Collected data:
-- Opening Marker --

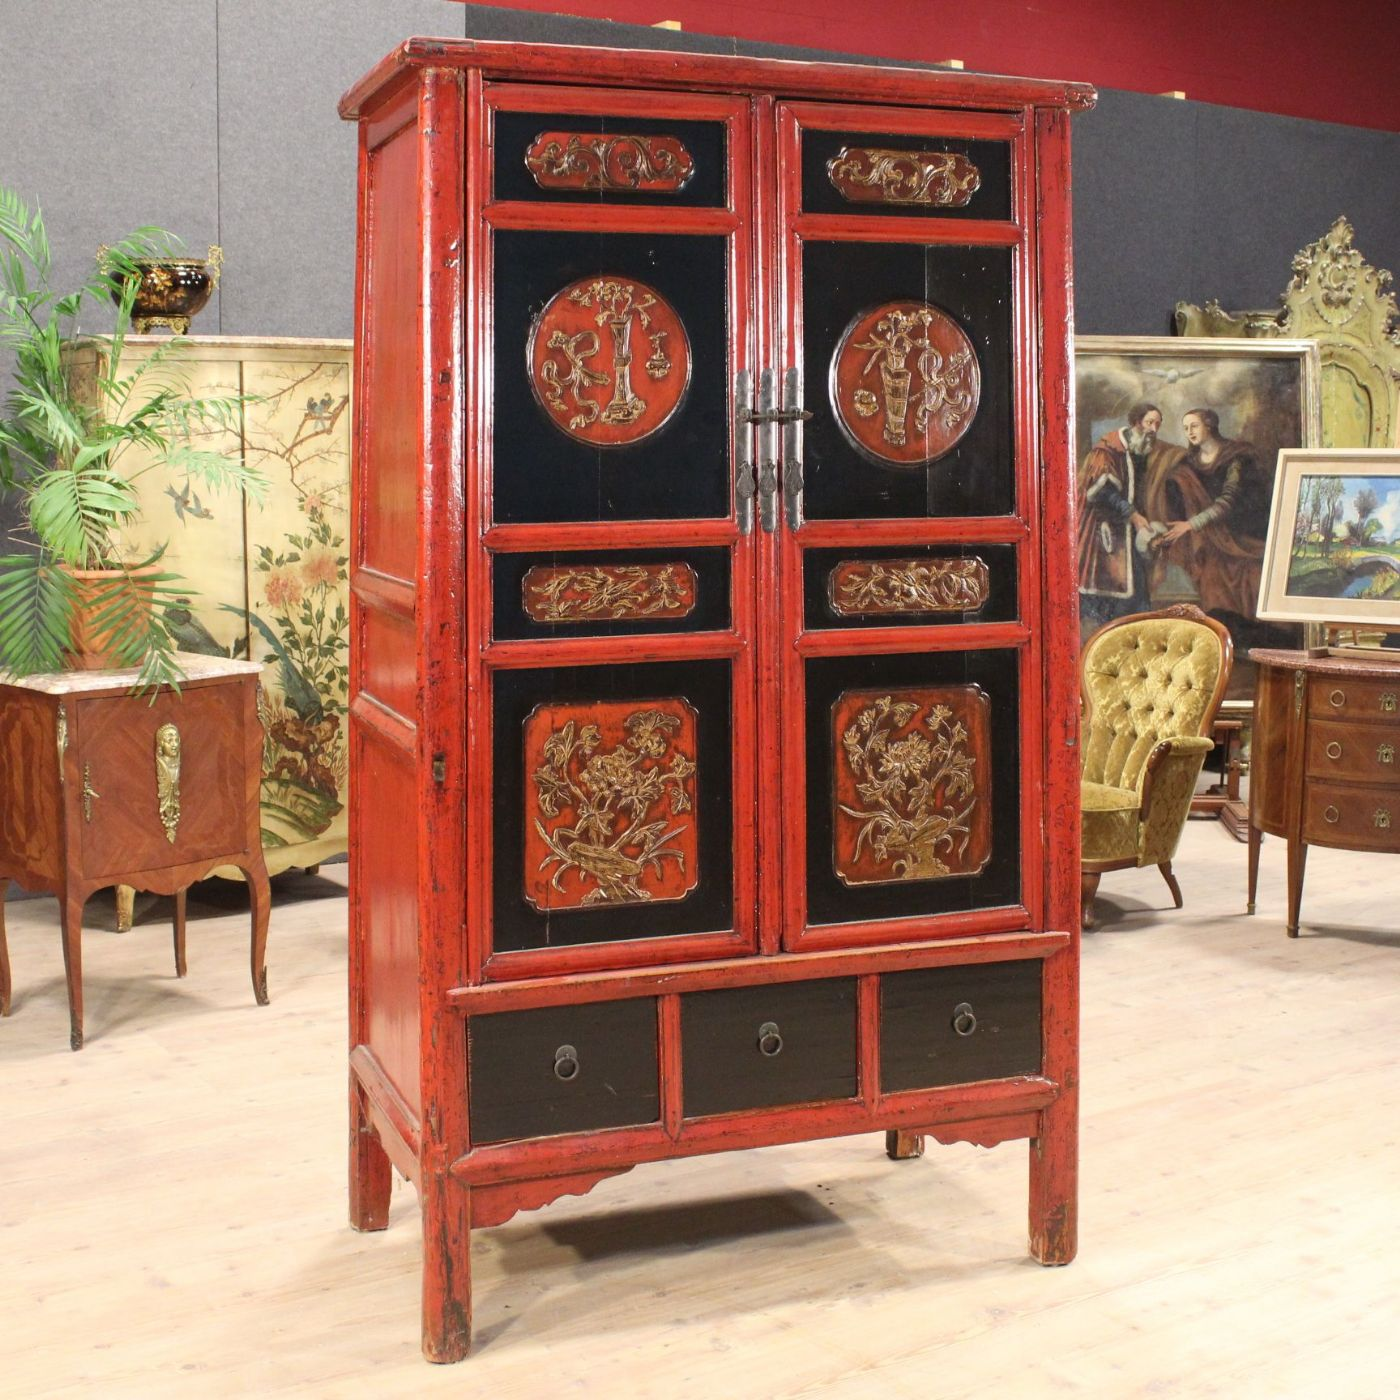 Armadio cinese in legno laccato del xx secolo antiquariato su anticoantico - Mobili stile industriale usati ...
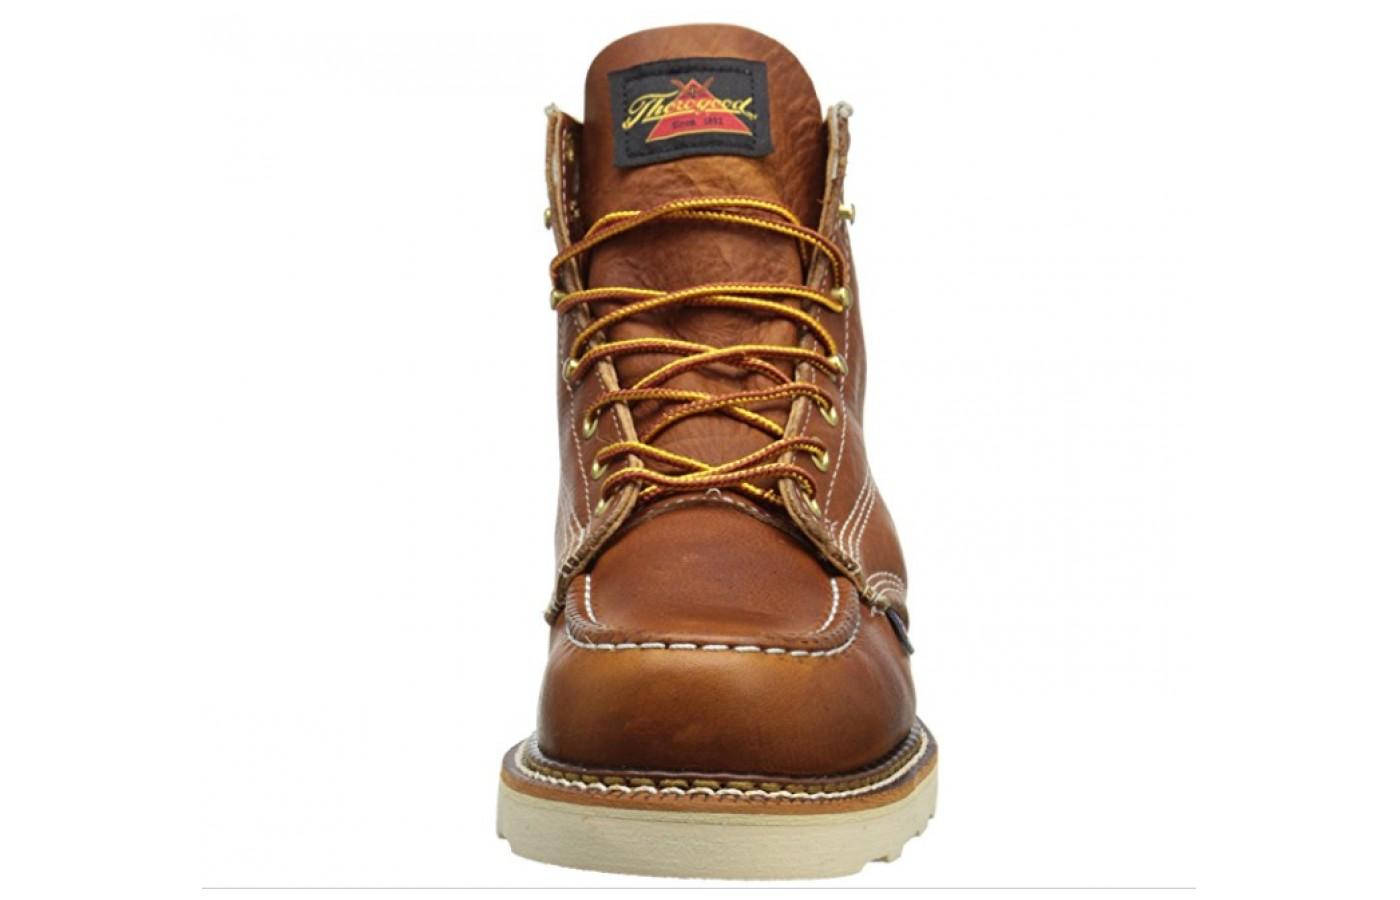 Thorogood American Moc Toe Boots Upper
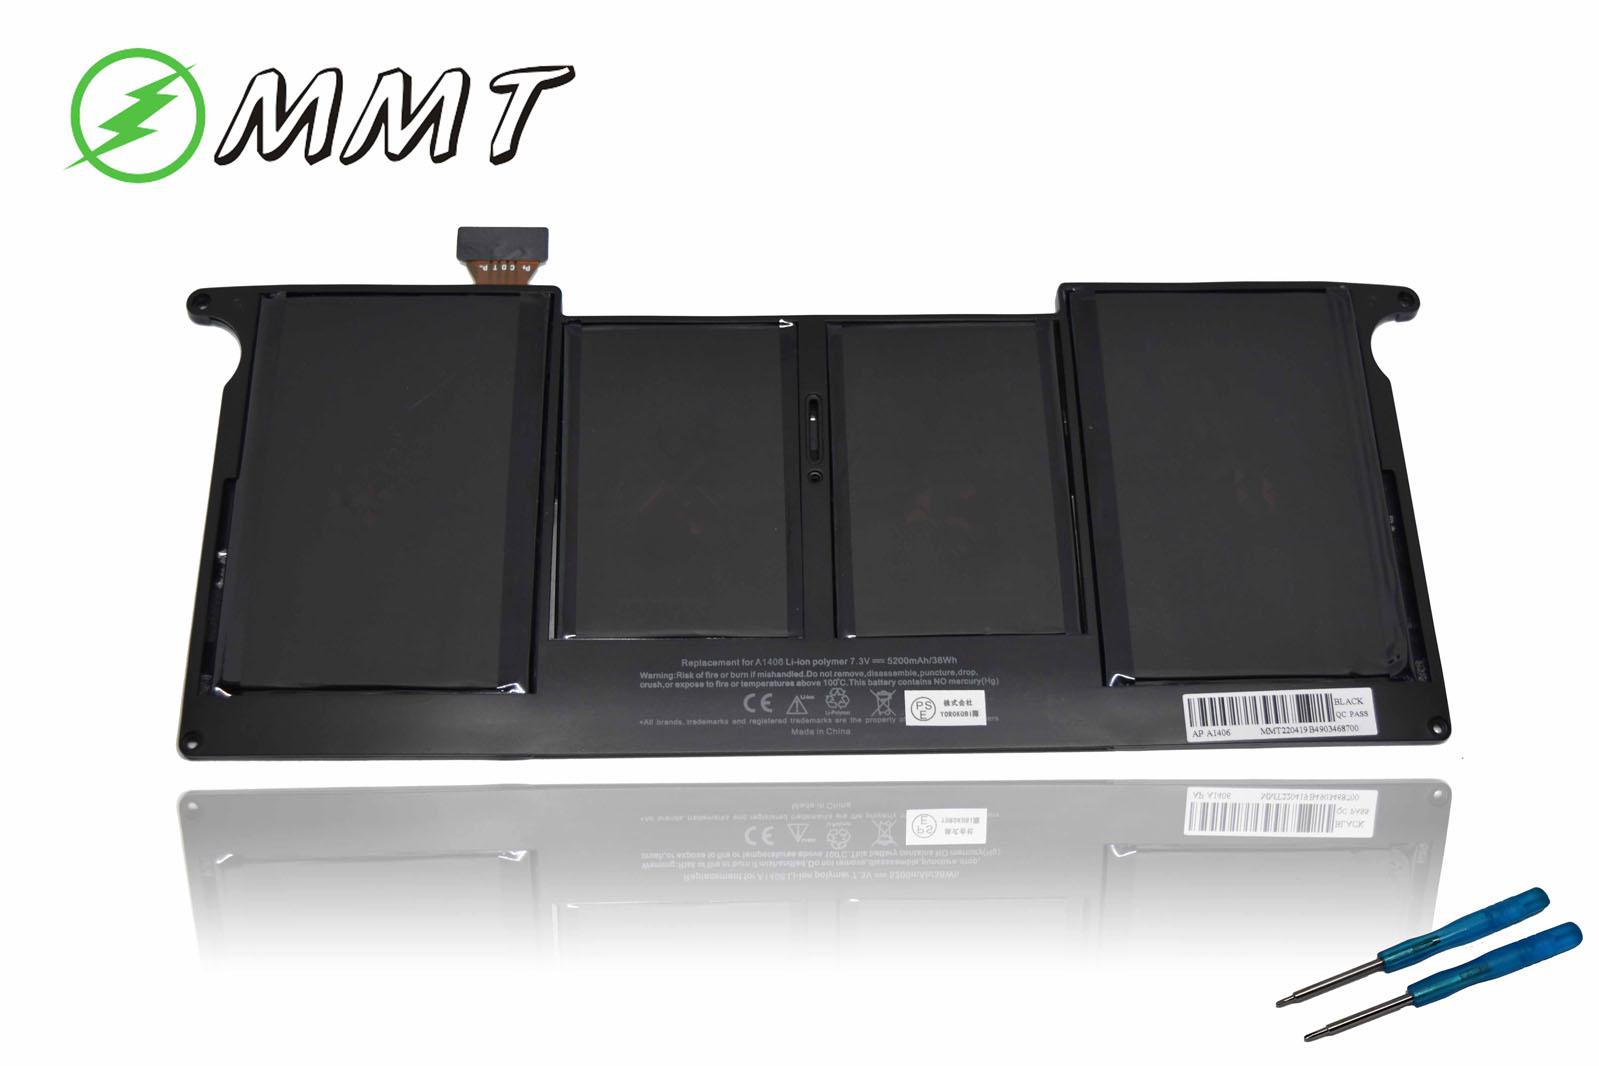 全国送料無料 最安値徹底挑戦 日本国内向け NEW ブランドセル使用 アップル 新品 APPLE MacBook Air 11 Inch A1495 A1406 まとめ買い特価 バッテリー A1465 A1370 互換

-- Closing Marker --

Task brief: Using the material above, restate word for word the lines from the line that has "Thorogood American Moc Toe Boots Upper" to the last line, inclusive, with pictures omitted.

Response for this exercise:
 Thorogood American Moc Toe Boots Upper
 全国送料無料 最安値徹底挑戦 日本国内向け NEW ブランドセル使用 アップル 新品 APPLE MacBook Air 11 Inch A1495 A1406 まとめ買い特価 バッテリー A1465 A1370 互換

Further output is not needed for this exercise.